For one, this approach only covers inference, and doesn’t integrate in training pipeline. And secondly, it it doesnt solve the main problem of logic.

Proposition 7 (P7)

At Unsuspicious Industries, we want to go several steps further in the process. In this post, we are introducing Proposition 7, our constrained generation system [WIP] that unifies typed programming, proof building, reasoning and natural language2.

Philosophy

Philosophy is the practice of asking questions. Mathematics is the branch of philosophy in which answers can be checked for truth or falsity.

Intelligence is best understood as the capacity to ask good questions, in other words, to make interesting choices. “Interesting” is not the same as “true”; it resists definition, though we recognize it when we see it3.

Being good at mathematics is less about the mechanics of proof (we can trivially prove statements, it’s just that most statements are boring) and more about choosing what to prove, and when, to advance a goal.

To build intelligent machines, we should optimize for interesting-ness: a coherent model of what is meaningful versus trivial, coupled with a search that stays within the space of statements that are true.

Humans naturally think with vague language that often outruns strict truth conditions; that makes sense in a messy world. In formal reasoning, the tradeoff is different. Some of what we find interesting is also absurd: we call it mysticism4. Mysticism is cool, and we dedicate a lot of time to it, through art, music, literature, and even love, but it’s not something machines can/should do.

In mathematics, our thinking systems must balance interesting-ness with formality: express which questions ought to be asked while respecting which questions can be asked. This is the role of constraint generation.

Our aim is simple: combine the broad priors of language models, as rough approximations of what is interesting, with formal frameworks that admit only true paths, so we can optimize directly for our real target: intelligence, expressed through taste5.

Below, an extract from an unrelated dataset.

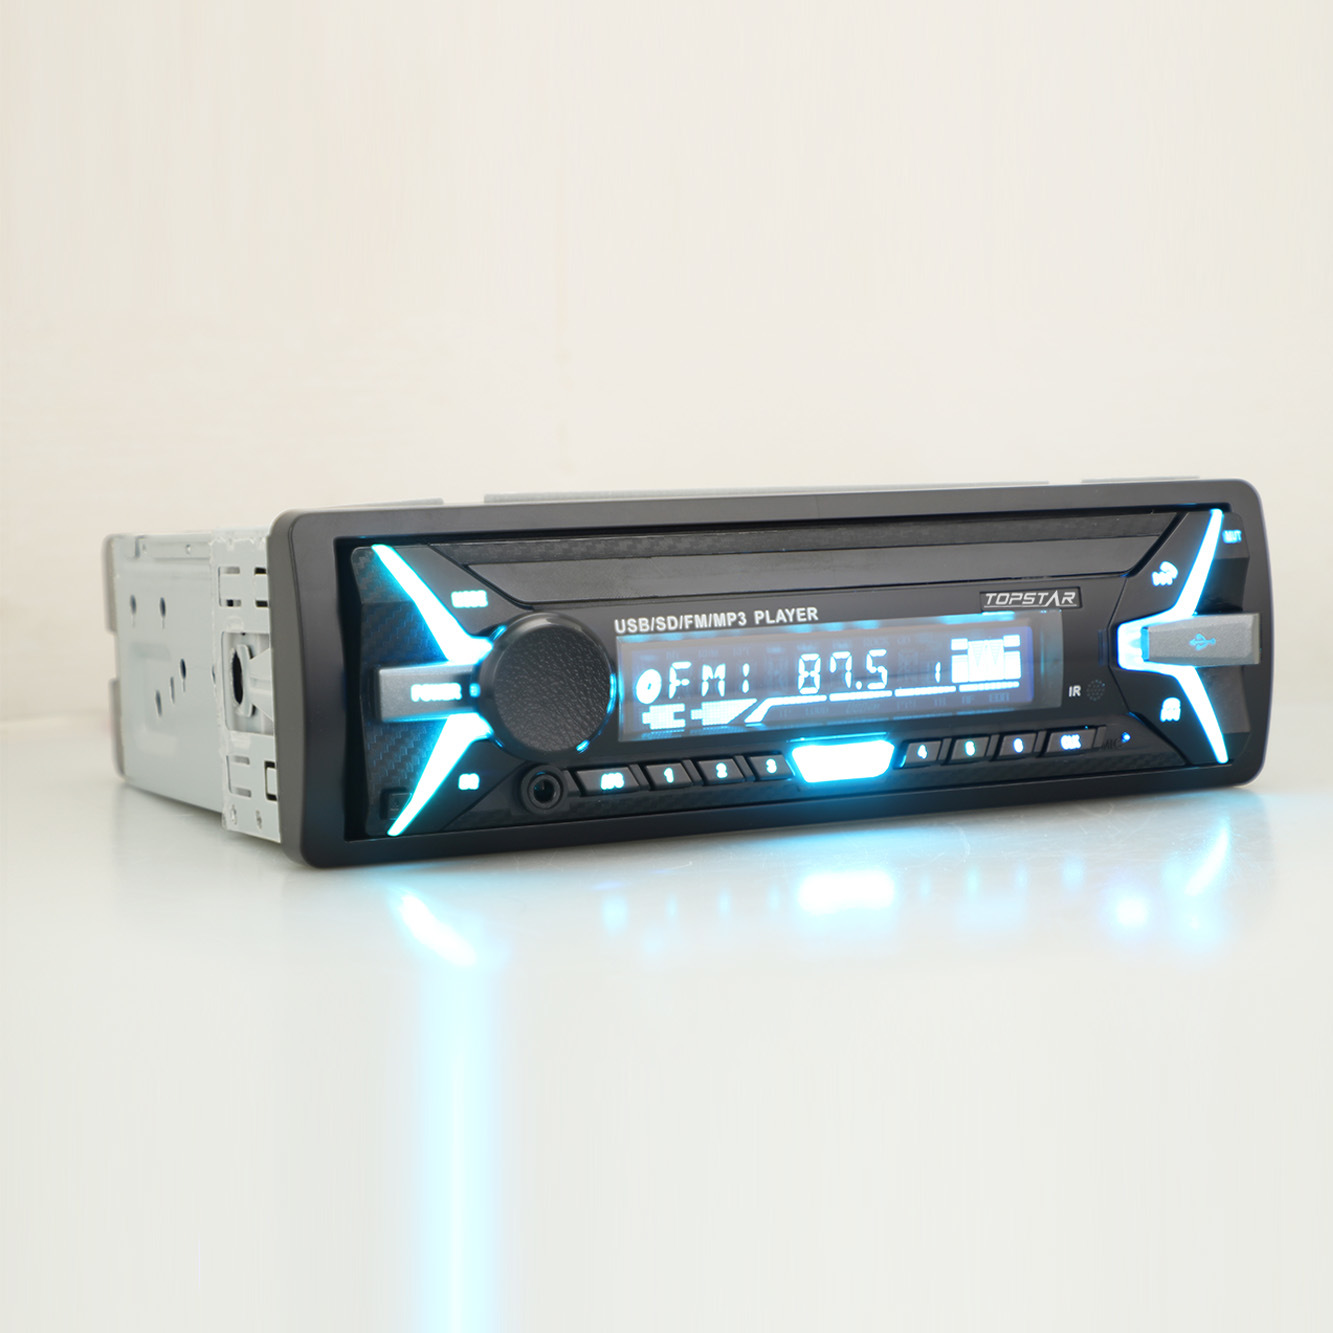 FM الارسال الصوت سيارة MP3 الصوت MP3 على سيارة سيارة الصوت انفصال واحد DIN سيارة مشغل MP3

In such a setup, “hallucination” loses its meaning: truth is enforced by the formal layer, while open-ended association remains contained in latent representations, or alternative channels. By itself this is not enough, and freely pretrained models may stall, so Proposition 7 combines it with a training pipeline that applies a custom loss to formally verified outputs to shape intelligence.

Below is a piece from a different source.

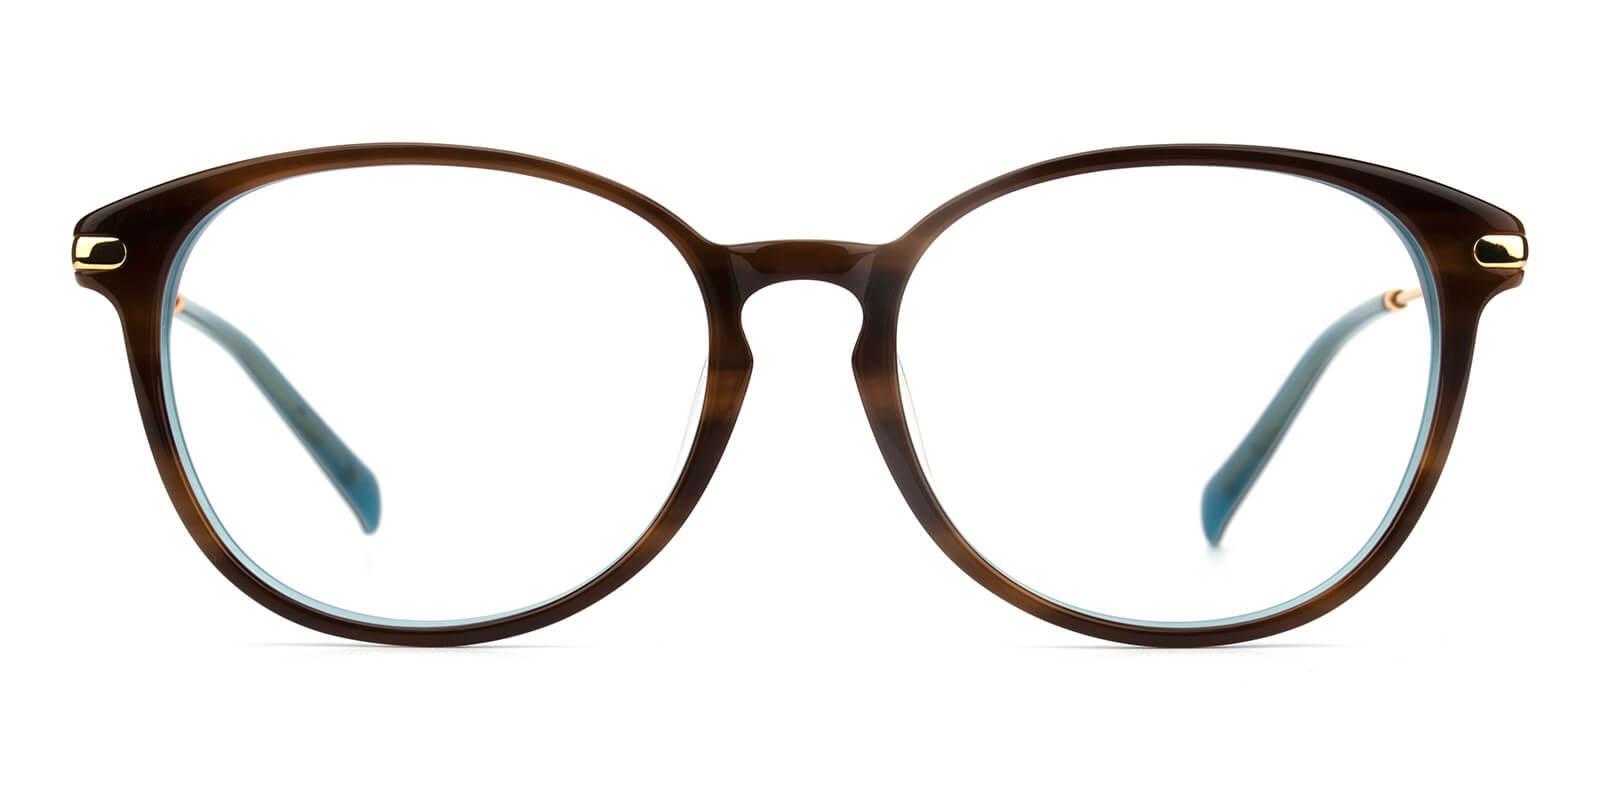 Synopsis Tortoise Acetate Eyeglasses , UniversalBridgeFit Frames from ABBE Glasses

In short, mathematics is less about method than about envisioning possibilities and choosing the ones that matter. It is creativity more than computation, and Proposition 7 is a way for machines to cultivate that creativity, build intuition without the noise of unconstrained natural language.

System Overview

  • Constraint Engine: unified grammar + typing/proof rules that produce only valid moves/ASTs within a formal system.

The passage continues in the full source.